説明

タブレット

【課題】外殻と内部域との密着性が良く、割れや剥がれが発生しづらいタブレットを提供すること。
【解決手段】タブレット1は、粉末成分が圧縮成型されてなる内部域3と、該粉末とは異なる成分を含む外殻2とが一体成型されてなる。外殻2は、超音波振動により溶融可能な成分により形成されている。外殻2と内部域3とは、超音波振動を与えながら一体成型されていることが好ましい。このタブレット1は、原料粉末を含む混合物をタブレット成型用金型内に充填し、成型用杵を介して該混合物に超音波振動を与えながら圧縮を加えることで製造される。前記混合物を前記金型内に充填するに先立ち、該金型内及び前記成型用杵の杵面に、超音波振動により溶融可能な成分を付着させておく。

【発明の詳細な説明】
【技術分野】
【0001】
本発明は、粉末の圧縮成型物からなるタブレット(錠剤)に関する。
【背景技術】
【0002】
薬剤等の有効成分を含む粉末原料を圧縮成型して製造されるタブレットは、以下の(1)〜(3)に示すような目的でタブレット表面に皮膜を形成することがある。

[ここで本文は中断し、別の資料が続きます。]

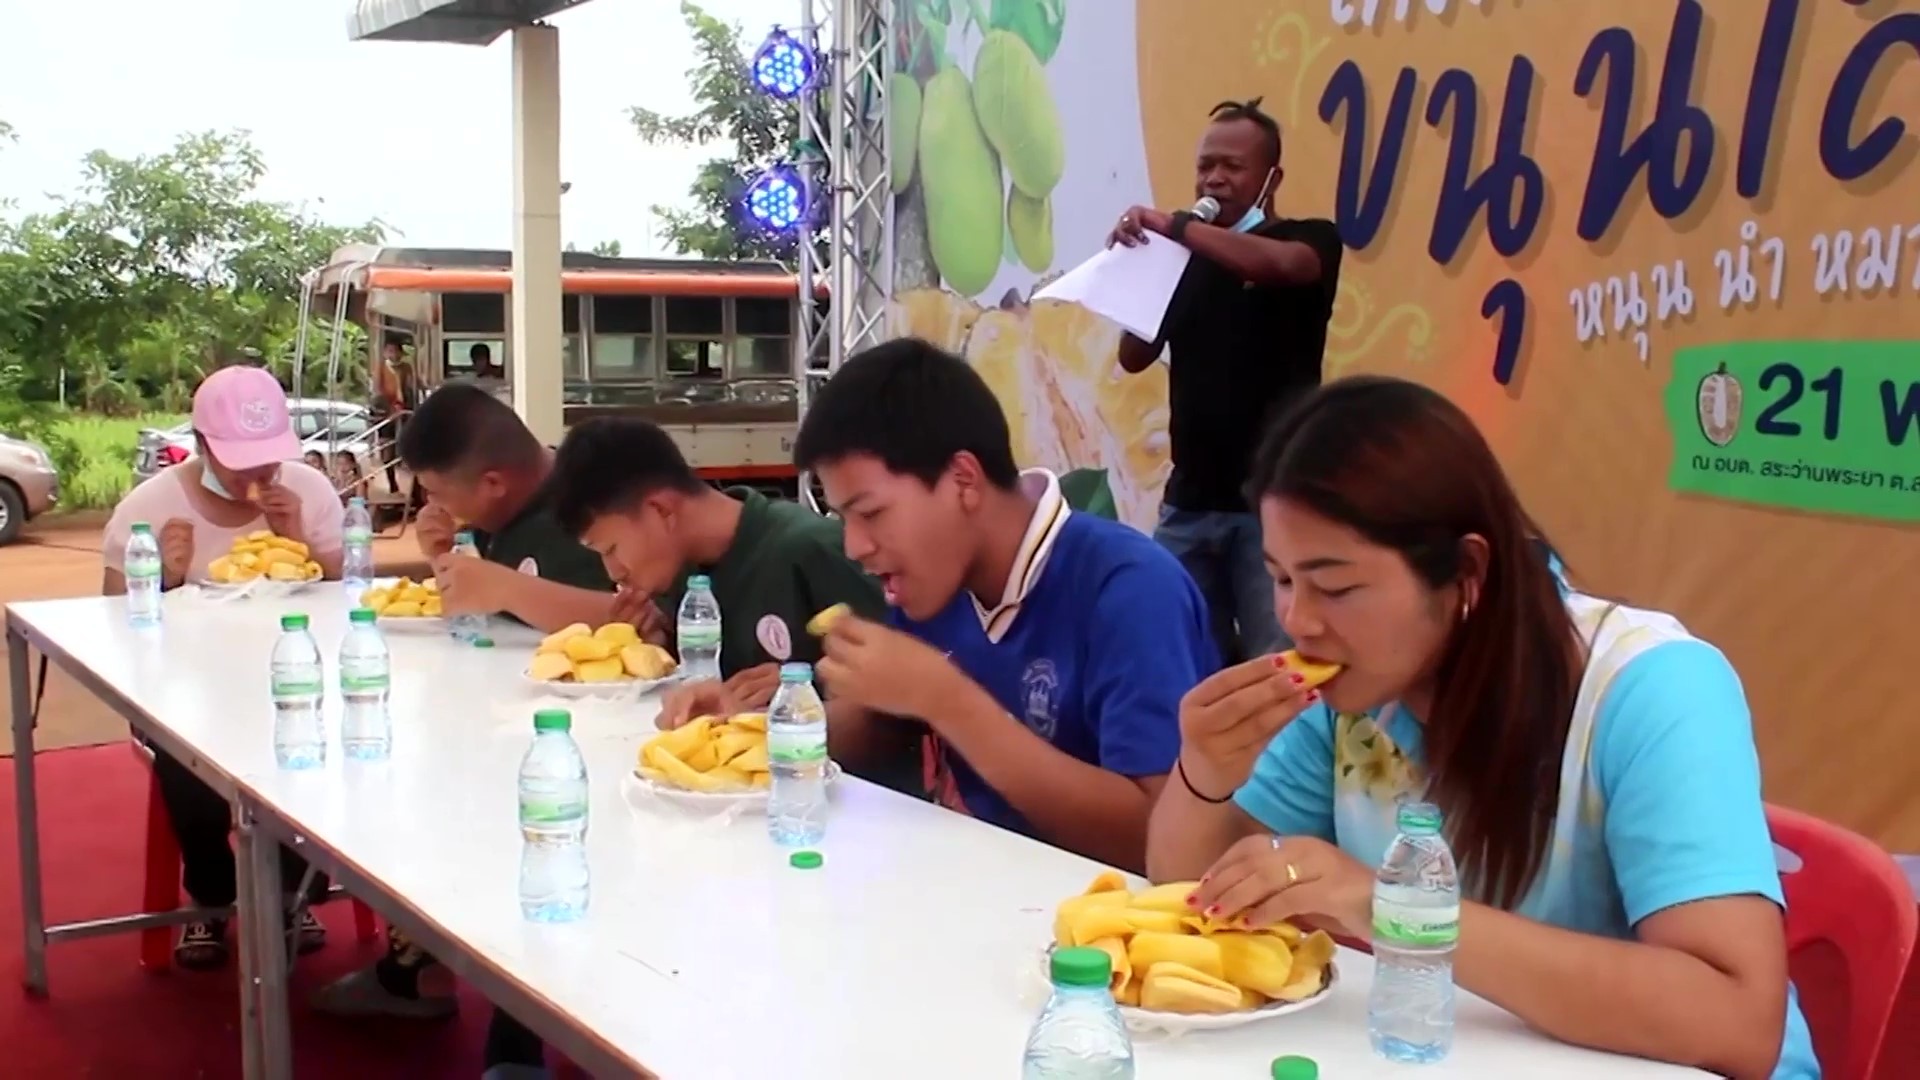 Concurso premiava quem comesse mais jaca em festival na Tailândia (Foto: Newsflare)

(1)光、酸素、湿気などによる薬剤の変質及び劣化の防止
(2)物理的保護膜の形成、ダストの付着防止
(3)体内での薬物放出の制御(DDS)、即ち、腸溶性、持効性、複効性等の付与
【0003】
前記の皮膜を形成するために使用される原料としては、例えば白糖、グラニュー糖、乳糖、マルチトール、ヒドロキシプロピルメチルセルロース(HPMC)、ヒドロキシプロピルセルロース(HPC)などがある。皮膜を形成する方法として一般によく使用されるのはパンコーティング法である。この方法は、回転ドラム(パン)にタブレットを投入し、パン内で転動するタブレットにコーティング液をスプレーする方式である。この方式の問題点として、以下の1)〜4)等がある。
【0004】
1)皮膜の厚みが不足した場合や、タブレットと皮膜の接着性が悪い場合、乾燥条件が適切でない場合などに、皮膜が割れたり、剥がれたりすることがある。

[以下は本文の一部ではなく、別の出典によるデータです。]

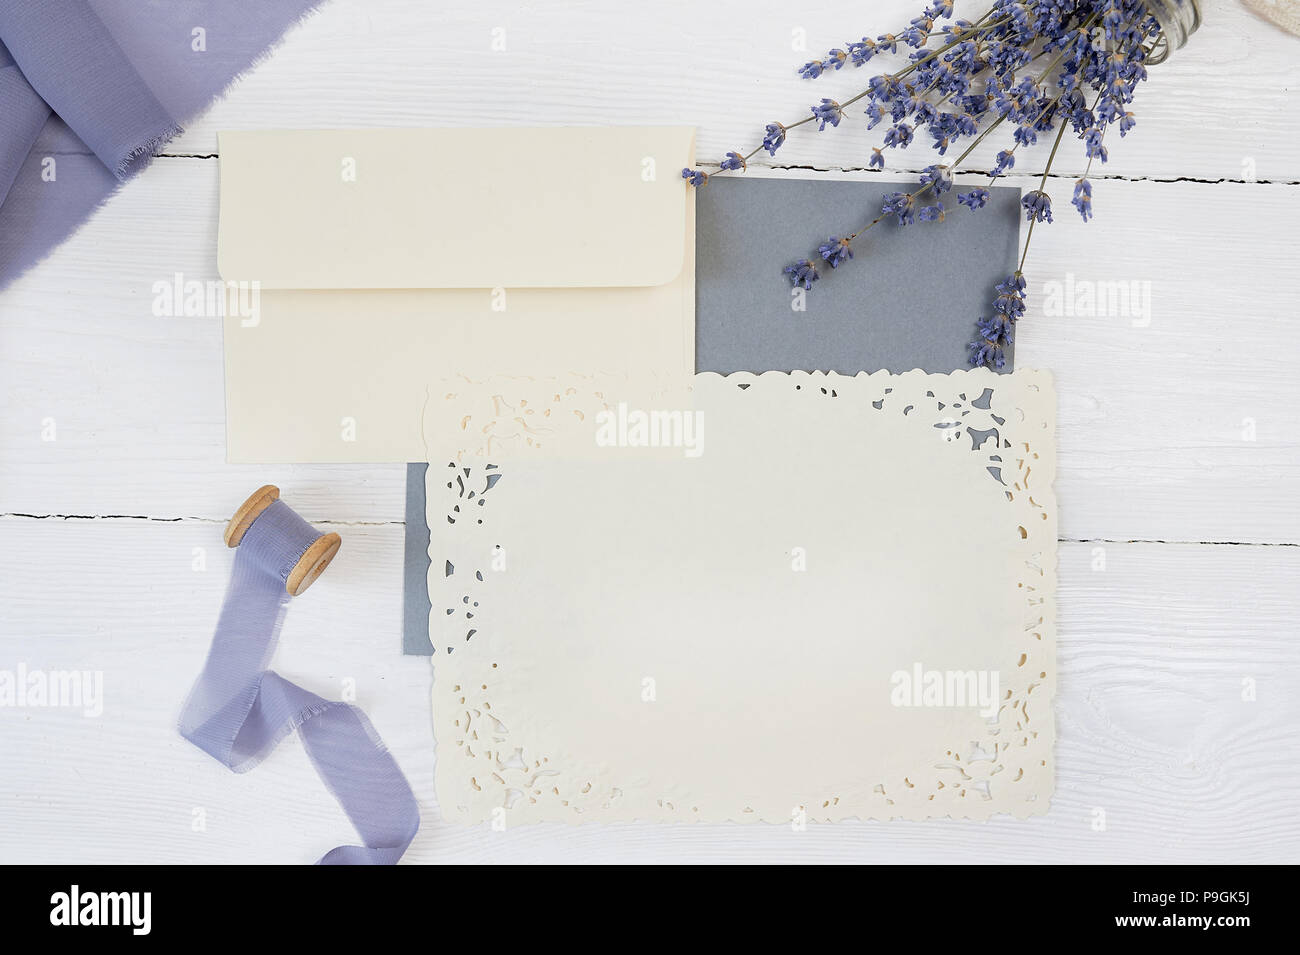 Carte vierge blanche, enveloppe et ruban sur fond de tissu bleu et rose avec des fleurs de lavande sur un fond blanc. Immersive avec enveloppe et carte vierge. Mise à plat. Vue d'en haut Banque D'Images

2)皮膜の形成工程において、回転ドラム内で他のタブレットと衝突して欠けや割れを発生しないようなタブレットの強度が必要とされる。タブレットの強度を保つには、結合剤を多く配合したり、強く圧縮成型したりする必要がある。しかし、あまりに強く圧縮成型すると(イ)タブレットの溶解性が悪くなる、(ロ)タブレットが層状に割れる現象であるキャッピングやラミネーションといった欠陥が発生する、(ハ)杵に原料粉末が付着し、スティッキングが発生する、といったトラブルの原因となる。
3)皮膜の形成は、タブレットを打錠した後に、別工程として行うため、時間と製造コストがかかる。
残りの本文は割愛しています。